Il s’agissait de revenir à l’idée sur laquelle le court-métrage se termine: comment vivons rupture une rupture dans le présent, comment nous nous en souvenons et ce que nous attendons de celles qui vont arriver. Le personnage de Clara adopte un discours naïf accroché à ce qui pourrait être et réaffirmant : « Oui maintenant, je vais bien. » Daniel, au contraire, se résigne. Mais son discours est plus que pessimiste, celui d’un survivant. Je pense que, quand ils atteignent undans l’ une de ces deux positions certain âge, tout ce que nous avons rencontré. La chose tragique et drôle est que, après un certain temps , nous retombons amoureux et recommençons.
Parlez-nous de la grotte avec laquelle l’histoire s’ouvre et se ferme.
Au niveau formel, j’étais très intéressé à donner un ton entier à la tragédie classique, d’où la division en actes, la musique classique, la voix omniprésente du narrateur et son style littéraire. Cette utilisation de l’artificiel pour raconter deux histoires qui parlent de quelque chose de si commun, à travers des personnages presque anodins, m’a semblé dessiner très bien comment nous faisons normalement face à des ruptures. Surtout, comment on les raconte. Toute cette tragédie de la rupture de l’amour dans laquelle nous sommes tous tombés semblait très tendre, pathétique et drôle à la fois. Si la caverne n’avait pas existé, Daniel serait rentré chez lui après la rencontre avec Clara, comme dans le récit. Donc j’ai adoré l’idée que, pour faire le court métrage, notre « héros » retournerait épuisé dans sa caverne.
Avant ce court métrage, vous avez dirigé Stockholm avec Rodrigo Sorogoyen. Comment est-ce de faire un film à quatre mains?
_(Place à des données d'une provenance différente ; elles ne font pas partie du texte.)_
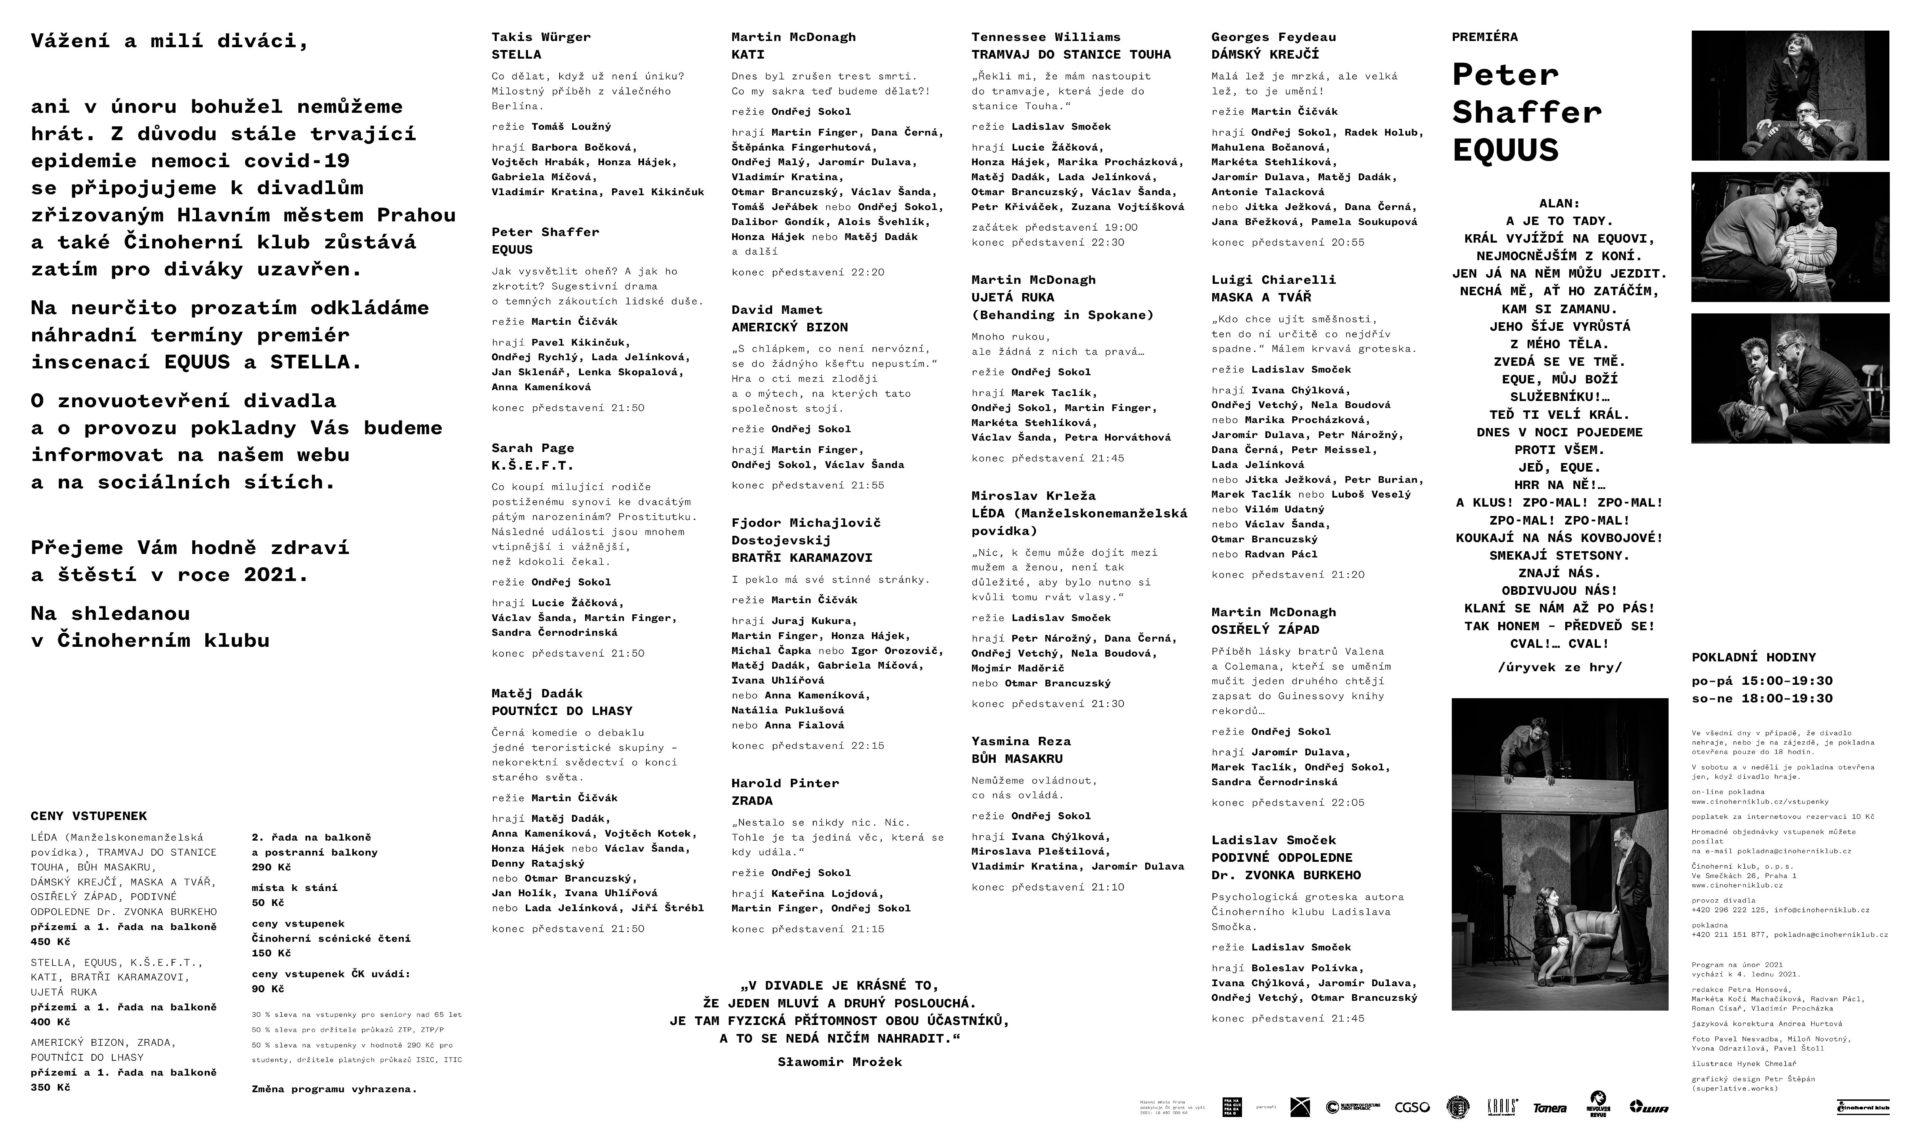 Program unor-page-003.
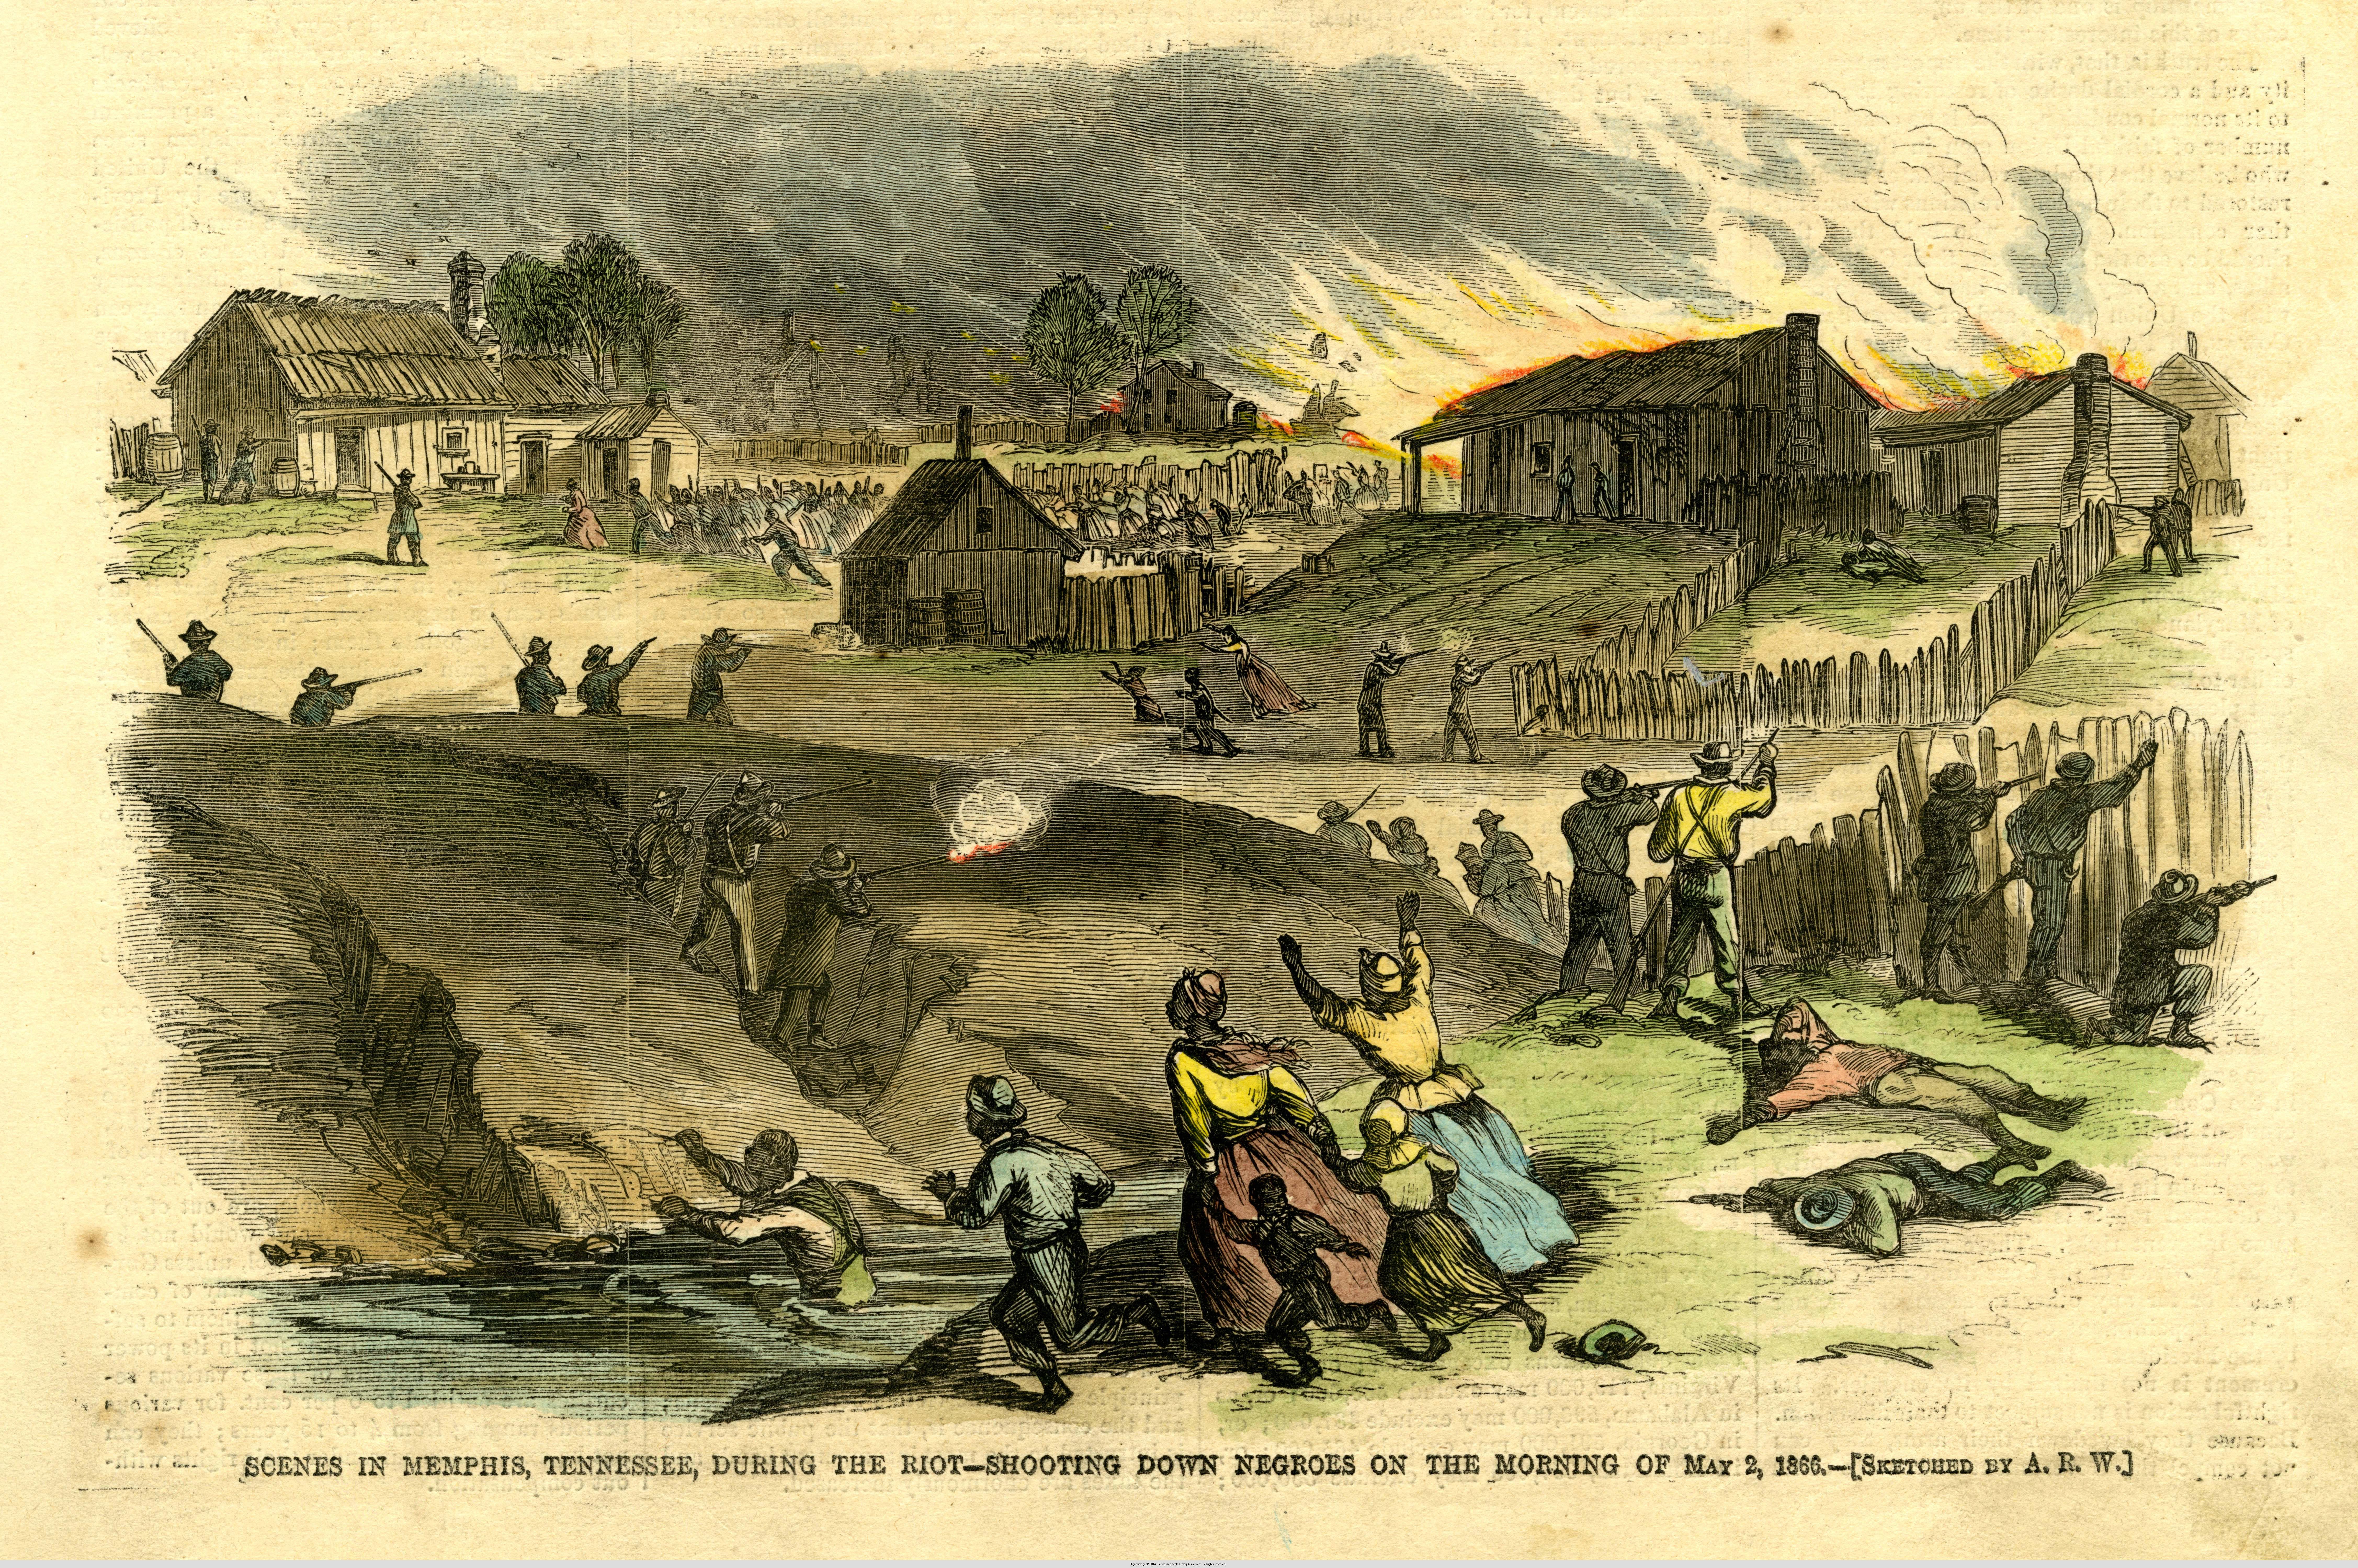 Reconstruction Understanding Today's Racial Tensions

C’était une expérience incroyable et très intense. Nous avions douze jours pour tourner le film, il n’y avait pas d’argent pour plus, donc nous devions faire un travail de planification très consciencieux dans lequel nous définissions très clairement le travail de chacun. Je me suis concentré sur la réalisation de l’image, en travaillant main dans la main avec Rodrigo et avec Álex de Pablo, le directeur de la photographie. Avec un temps et des conditions de tournage aussi exigeants, ce partage d’efforts a aidé Rodrigo à ne jamais perdre la vision générale du film.
Trouvez-vous une relation entre les personnages de Stockholm et Ahora serenos felices ?
La vérité est que je n’y avais jamais pensé. Je ne le vois pas, je pense que les deux propositions sont très différentes , bien que dans les deux protagonistes sont des couples. A Stockholm, il y a une intention claire de pousser la relation des étrangers à la limite, le » je t’aime, maintenant « . En ASF nous pourrions dire que l’intention est le contraire, le temps fait disparaître toute cette folie d’amour dans une histoire dont vous vous souviendrez difficilement.
Vous préparez votre premier film, Spanien. Rien que le titre promet déjà. Pouvez-vous nous en dire quelque chose?
Spanien nous emmène dans un futur proche où notre pays est absorbé, après plusieurs sauvetages, par l’Allemagne. Marisol, le maire de Benidorm, décide de proclamer l’indépendance de sa ville après que les Rois Catholiques apparaissent dans un rêve et confient la mission de reconquérir le pays. C’est une satire politique très méditerranéenne écrite avec Daniel Remón et , au vu des nouvelles politiques , petit à petit, c’est plutôt un documentaire.